Perhaps the biggest shortcoming of each of the certifying bodies is that they are all voluntary. None has the authority to identify forests that ought to be left alone, or the ability to curb the world’s outsized appetite for wood.
Despite the proliferation of certification efforts, forests are still disappearing. Figures show that deforestation in the Amazon, an area that shelters 50 percent of the world’s animal and plant life, was the worst it had been in five years in 2000 because of illegal logging and fires. In some cases, certification has encouraged illegal logging. According to the WWF, approximately seven out of every ten trees are illegally cut or come from an uncontrolled forest. The World Bank reports that the rate of deforestation in Indonesia has doubled in the past decade; 4.2 million acres are lost each year.
Cutting close to home
Sustainable forestry is not a new practice. In 1941, the American Tree Farm System (ATFS) started showing private landowners the “new science” of forestry to help them realize the benefits of long-term, sustainable forestry management. Today, the system encompasses 61,000 tree farmers and nearly 30 million acres of nonindustrial private forestlands. Initiation into the Tree Farm system is free, provided the forests meet the program’s good forestry standards. Foresters trained by the system volunteer their time to certify tree farms through on-site inspections every five years.
The ATFS teaches its members how to harvest trees according to the principles of “selective forestry,” a system in which foresters select individual trees or small groups of trees, leaving others. Says Jimmy O’Connor, program coordinator for the ATFS, “Selective forestry has been proven to open crowded forests to assist wildlife, reduce wildfire danger, and accelerate the growth of remaining trees.”

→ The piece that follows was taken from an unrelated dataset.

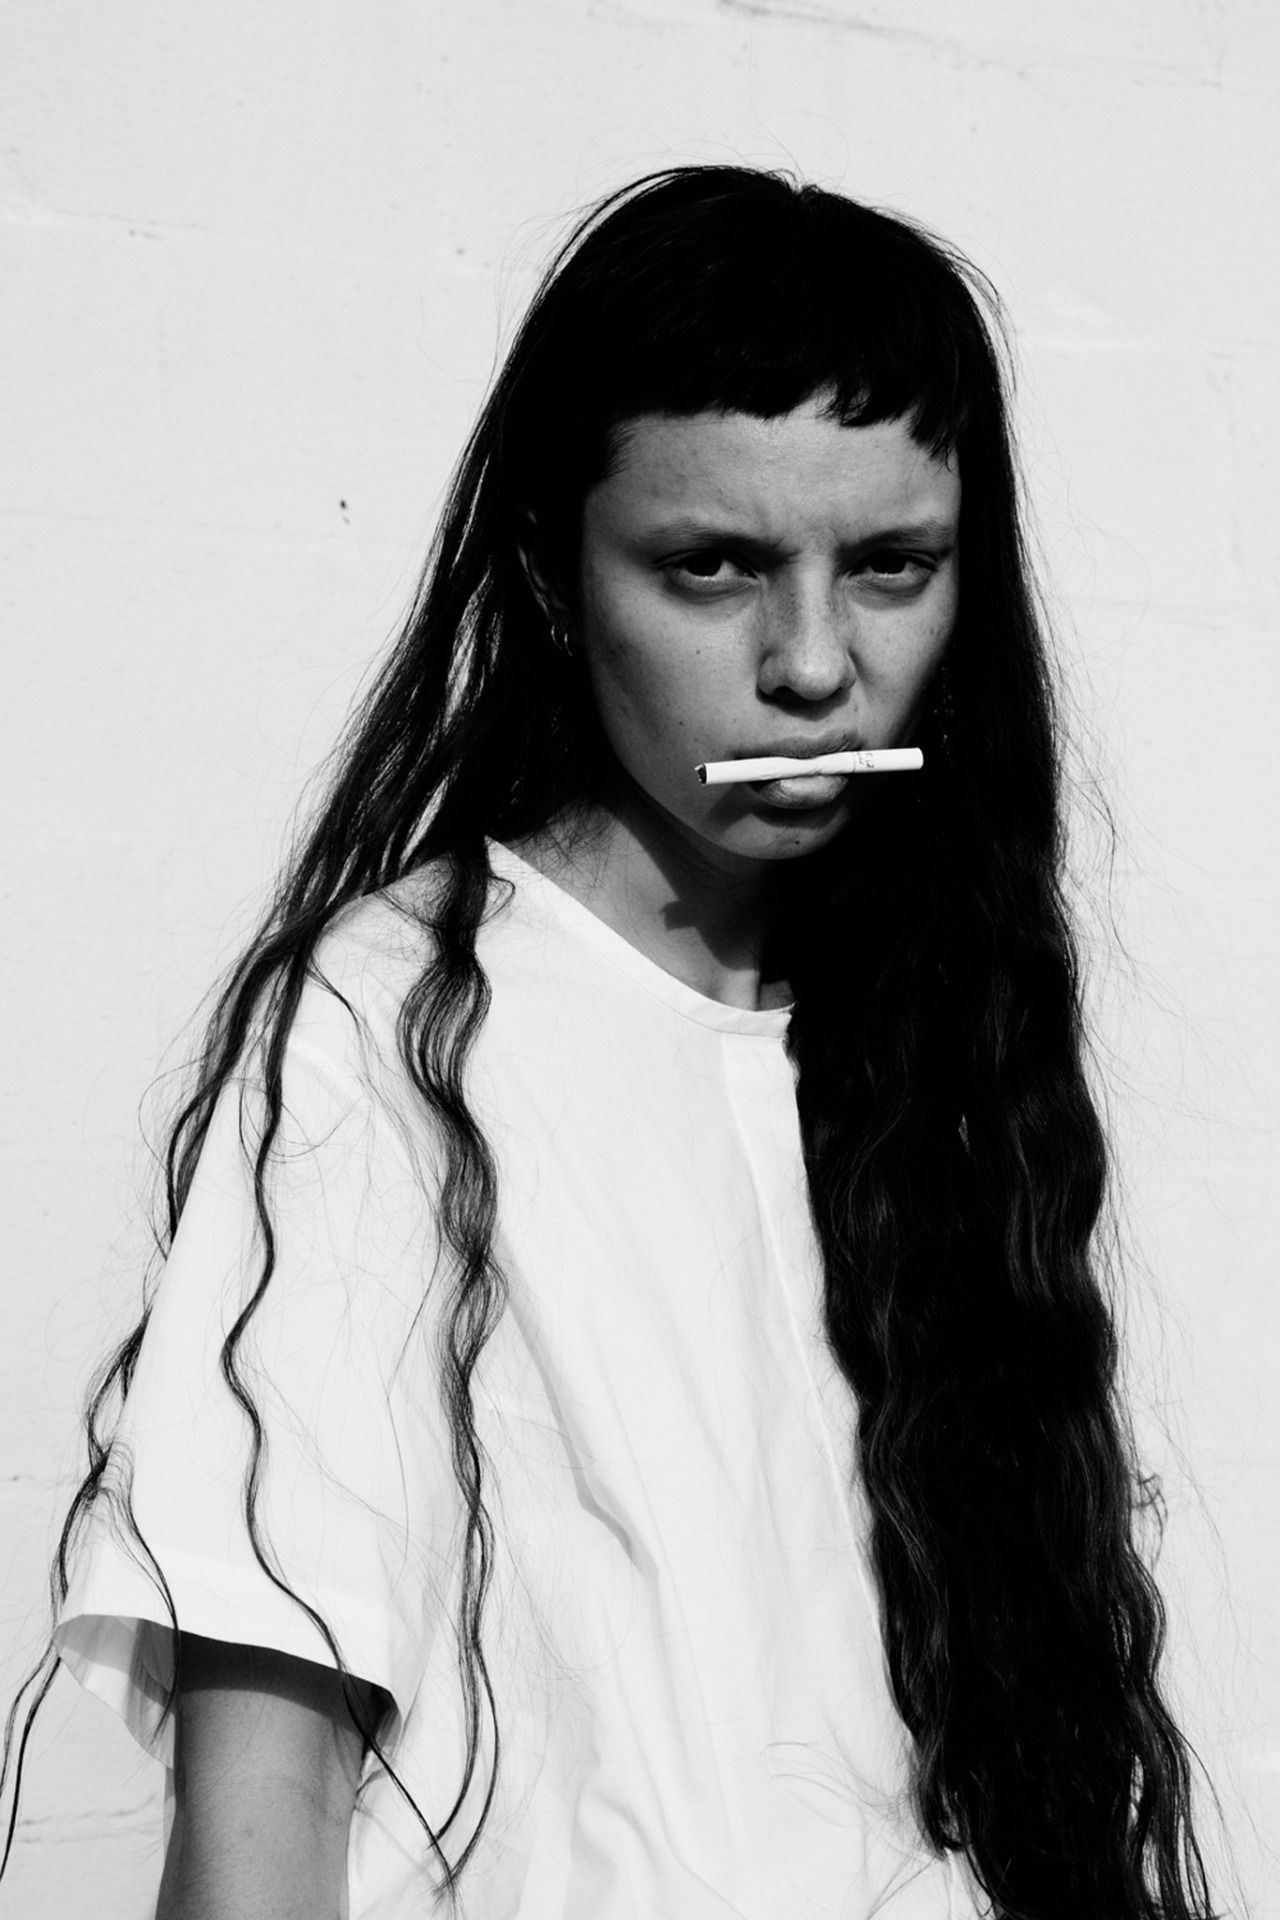 Pin von Morleigh auf Hair makeup nails   Porträt ideen ...

In contrast to the rest of the world, selective forestry in North America appears to be working. The United States and Canada now grow twice as much hardwood as they harvest annually. North American forest cover has expanded by nearly 10 million acres over the past decade. According to the ATFS, “U.S. forests are equal to the amount of land covered by trees eighty years ago.” As a side benefit, tree farms help landowners maintain nonindustrialized acres of forestland rather than selling them to developers.
A worldwide problem
Even if wood were no longer needed, the forests would continue to disappear just to accommodate the world’s exploding population. The WWF estimates that two-thirds of forest destruction results not from lumber production but as a result of overpopulation.

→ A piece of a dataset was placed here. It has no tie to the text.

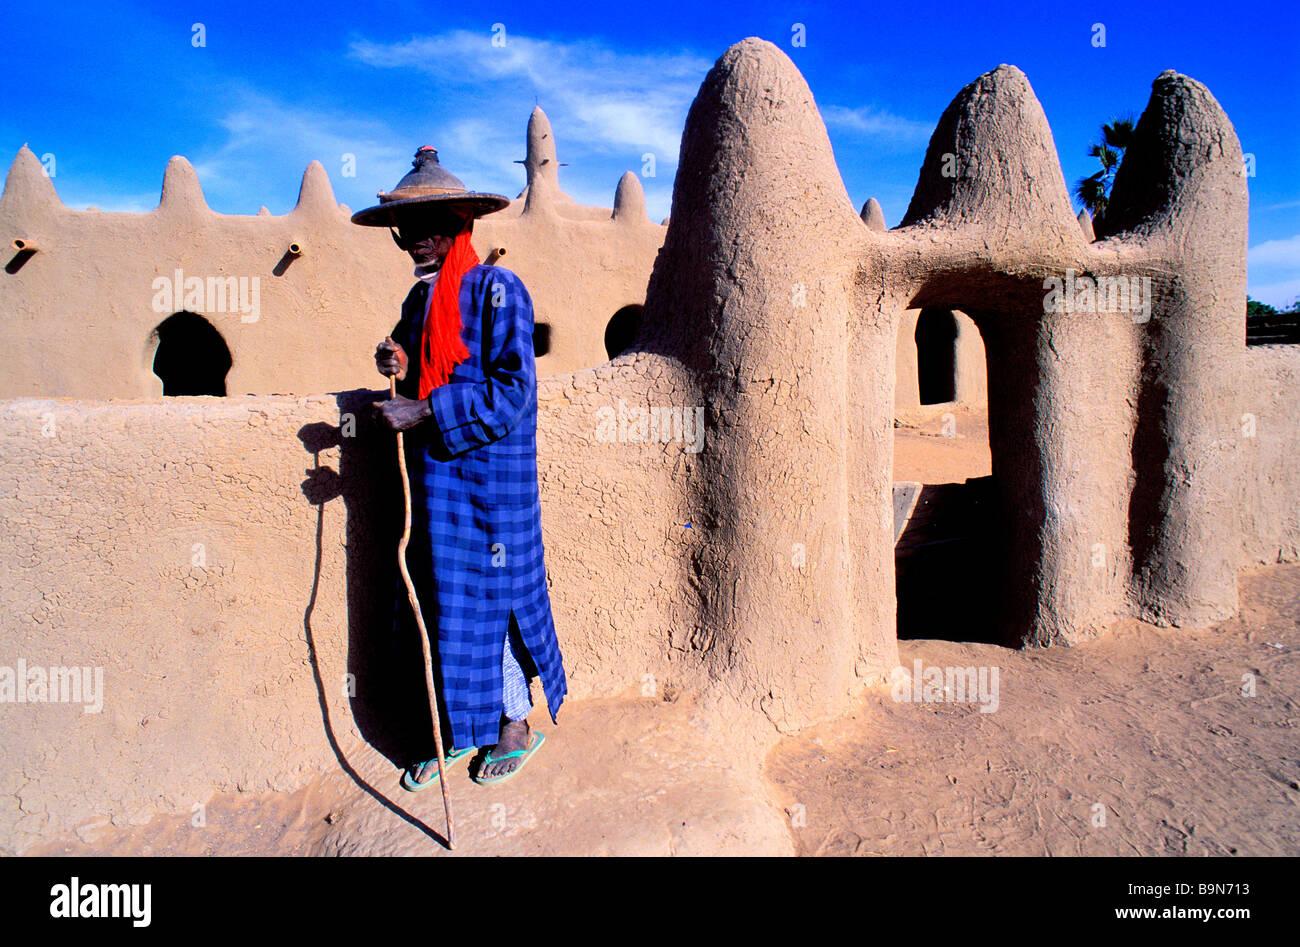 Malí, cerca de la región de Mopti, Djenne, Senossa aldea fula, hombre Foto de stock

More than 1 billion people live in developing countries where wood is a basic source of fuel or where wasteful tree removal efforts provide lands for crops and pastures. According to the Rainforest Alliance, “agriculture is the principle agent of ecosystem destruction and species loss.” Unlike forestry, where trees are removed but the land has a chance to regenerate, these areas are permanently deforested. Cash crops such as bananas, sugar, and coffee grow where tropical forests once thrived.
Conservation regulations will certainly help preserve our world’s resources; wood’s value as a basic commodity may actually discourage slash-and-burn farming. But it seems that even these measures will fall short as the population continues to increase.
As grim as this may all sound, we can’t be too critical of the certification system—or, for that matter, ourselves. Consumer awareness, nonprofit, and for-profit agencies have made significant strides in a relatively short time period. And smaller grassroots groups are finding new solutions to help address many of the symptoms created by an exploding population. Most important, the world is beginning to realize that its forests are not a limitless resource.